AD Agencies
Nitin Karkare inherits Ulka after merger reorganisation
MUMBAI: When global advertising giants collide, careers get crushed and brands get binned. Nitin Karkare has emerged from the Omnicom-IPG merger reorganisation with a promotion—and a legacy agency that has just lost its surname.
The 38-year veteran has been named chairman of Ulka and executive director at Omnicom Advertising India, a double-barrelled title that reflects both his longevity and the awkwardness of integrating two feuding empires. The catch? Ulka is no longer FCB Ulka. The FCB brand has been retired globally, and the agency Karkare has called home since 1986 now sits under the BBDO group. It is a bit like waking up to find your house has been moved to a different neighbourhood whilst you slept.

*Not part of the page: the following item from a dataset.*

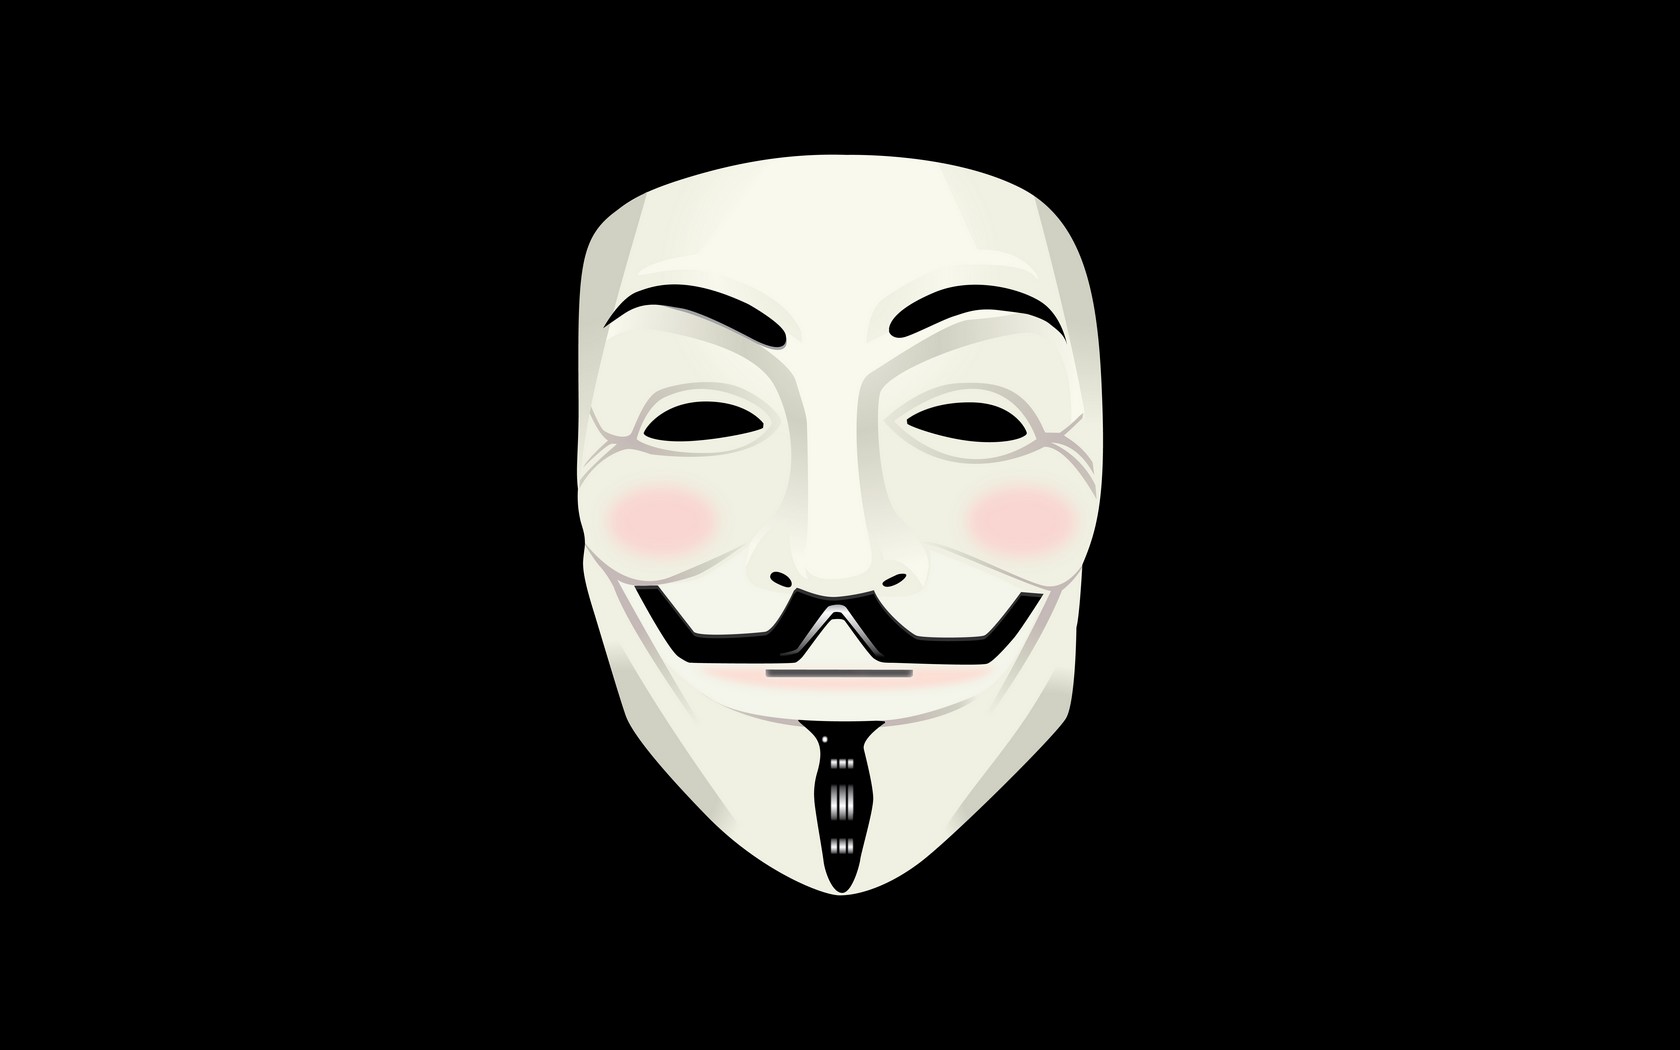 General 1680x1050 V for Vendetta mask Guy Fawkes mask
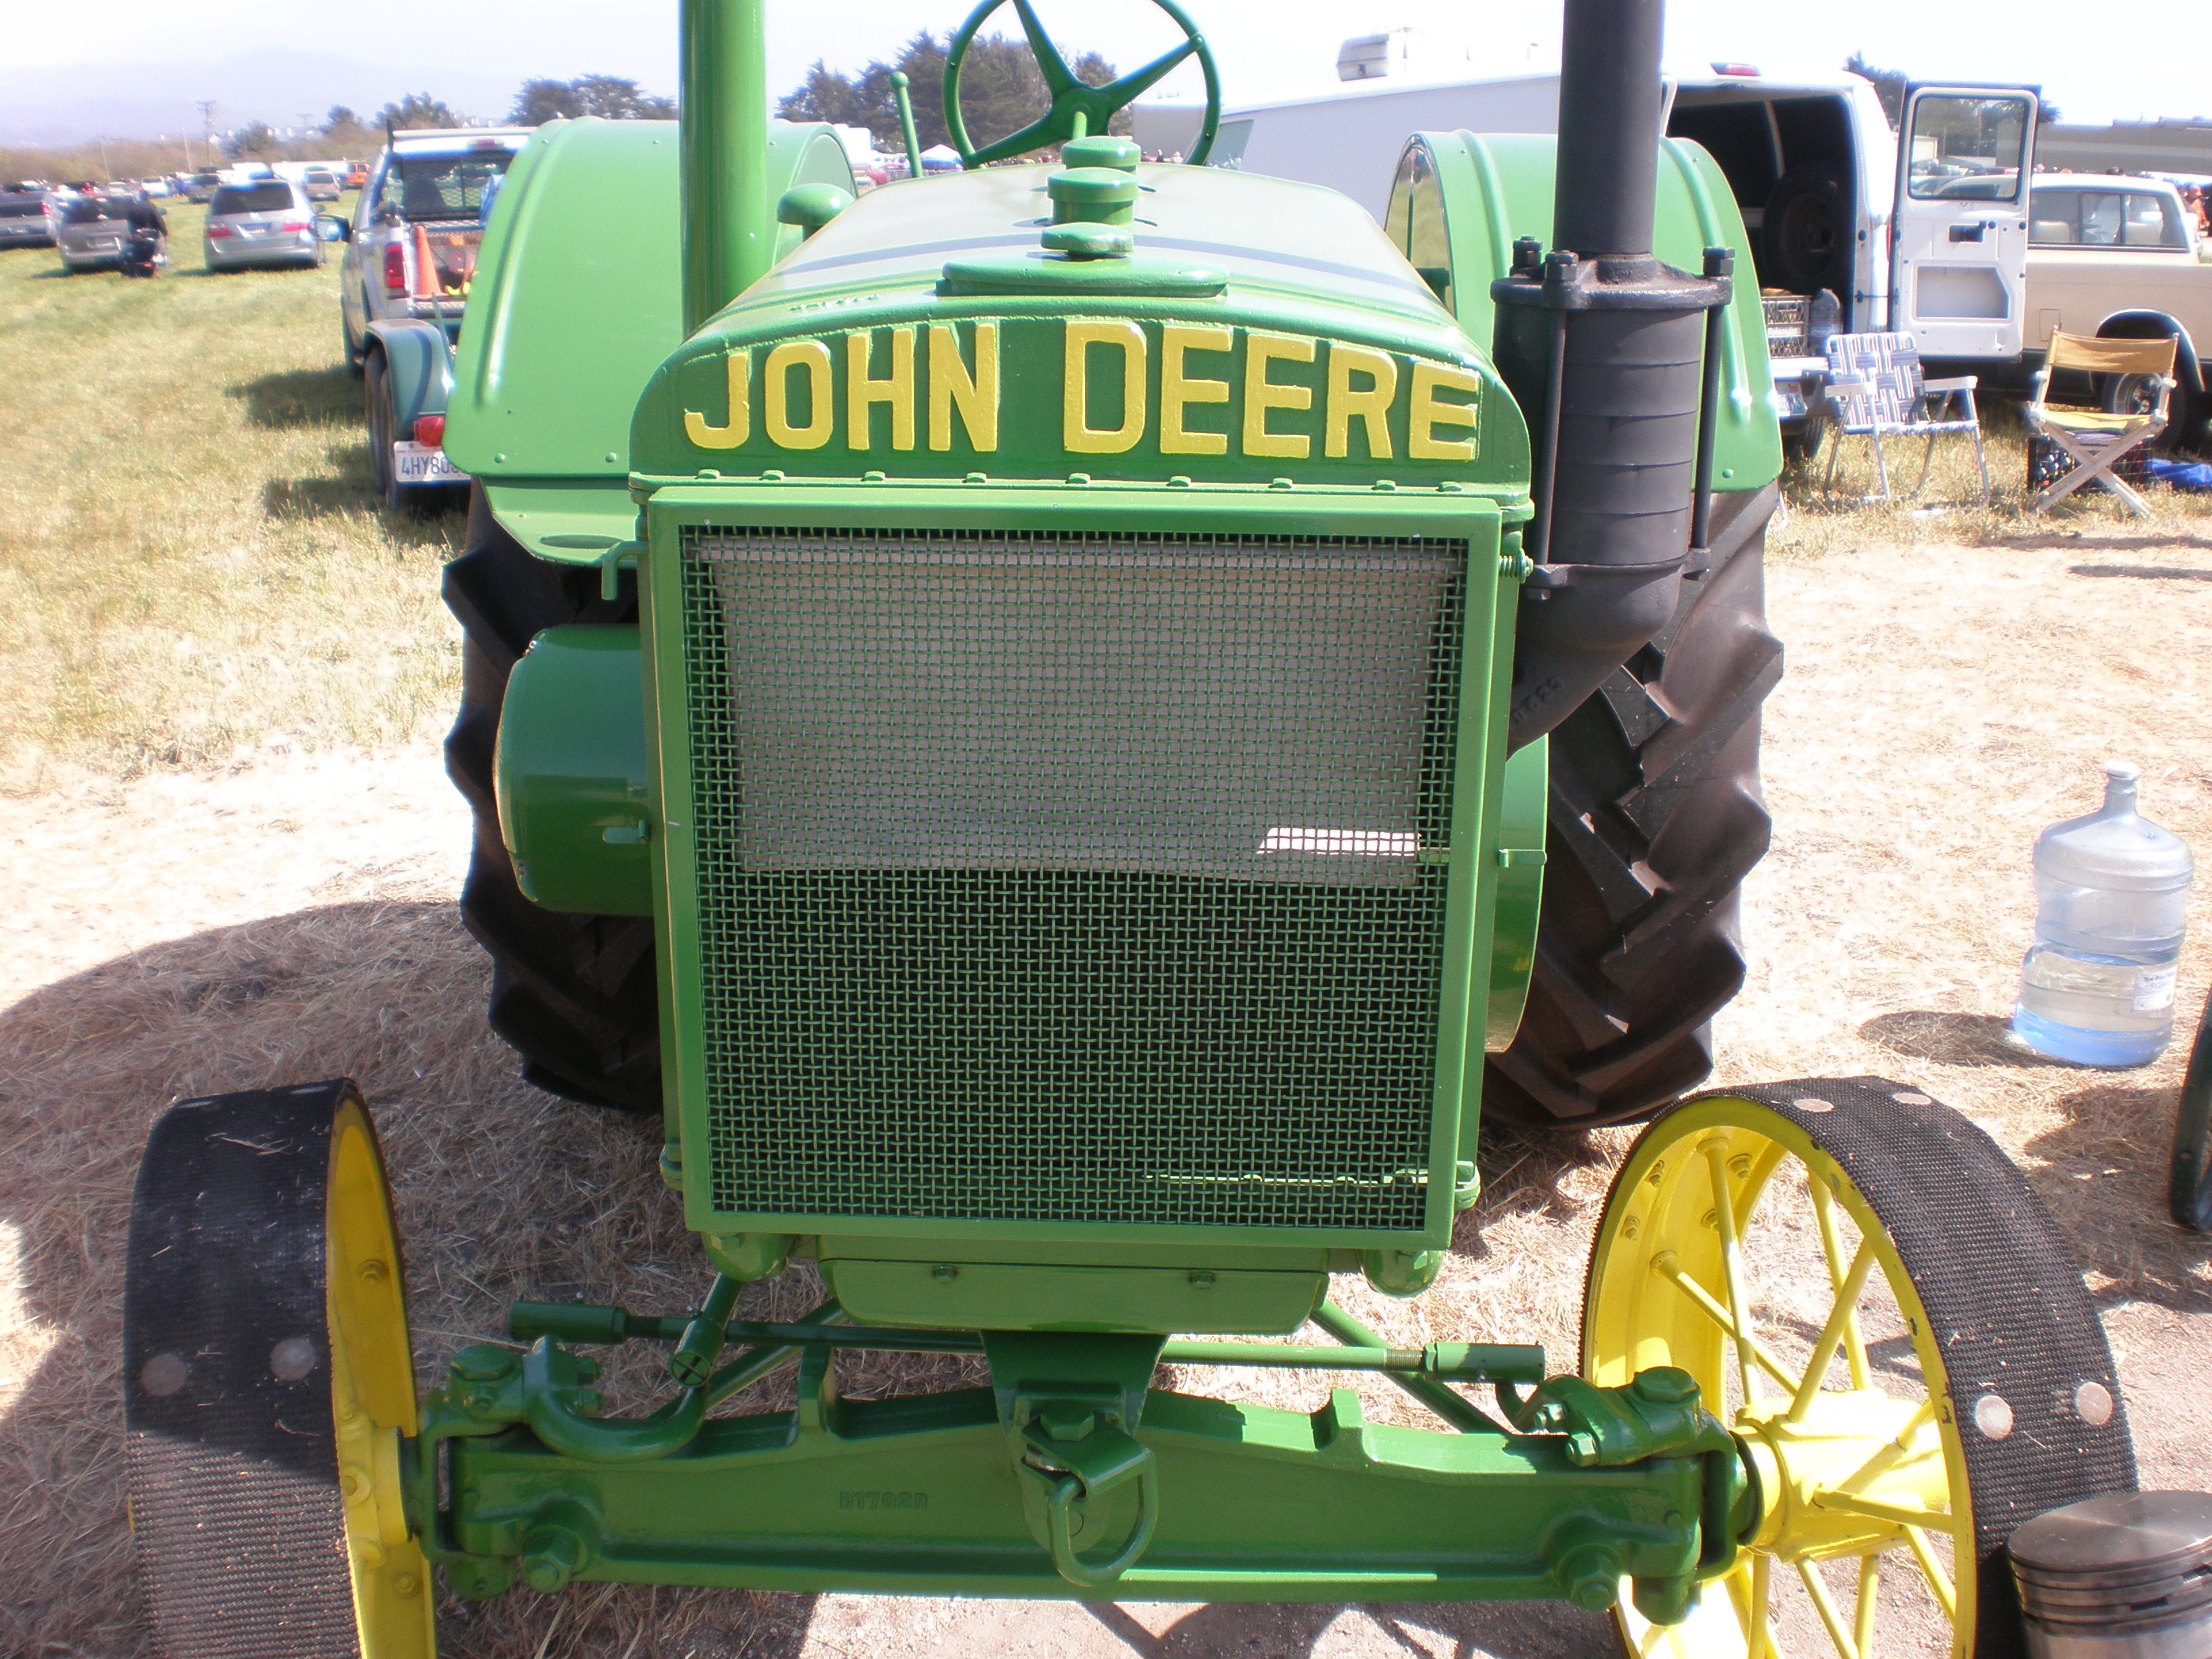 John Deere Model D

Karkare joined FCB Ulka as a management trainee fresh out of business school and never really left—save for a brief sortie to Everest Advertising in the early 1990s, where he managed the Procter & Gamble account before scurrying back to Ulka in 1993. He was named chief executive in 2016, a role he has held through industry upheaval, digital disruption, and now corporate consolidation. Colleagues describe him as calm and composed, which is advertising-speak for “doesn’t panic when the roof caves in.”
His client roster reads like a who’s who of Indian corporate life: Amul, Tata Motors, Zee, ITC, Wipro, Zodiac. These are not accounts you hand to the ambitious upstart. They are the sort of relationships that take decades to build and require the patience of a man who reads Tom Clancy, Robert Ludlum and Frederick Forsyth for fun. Karkare, by all accounts, is that man.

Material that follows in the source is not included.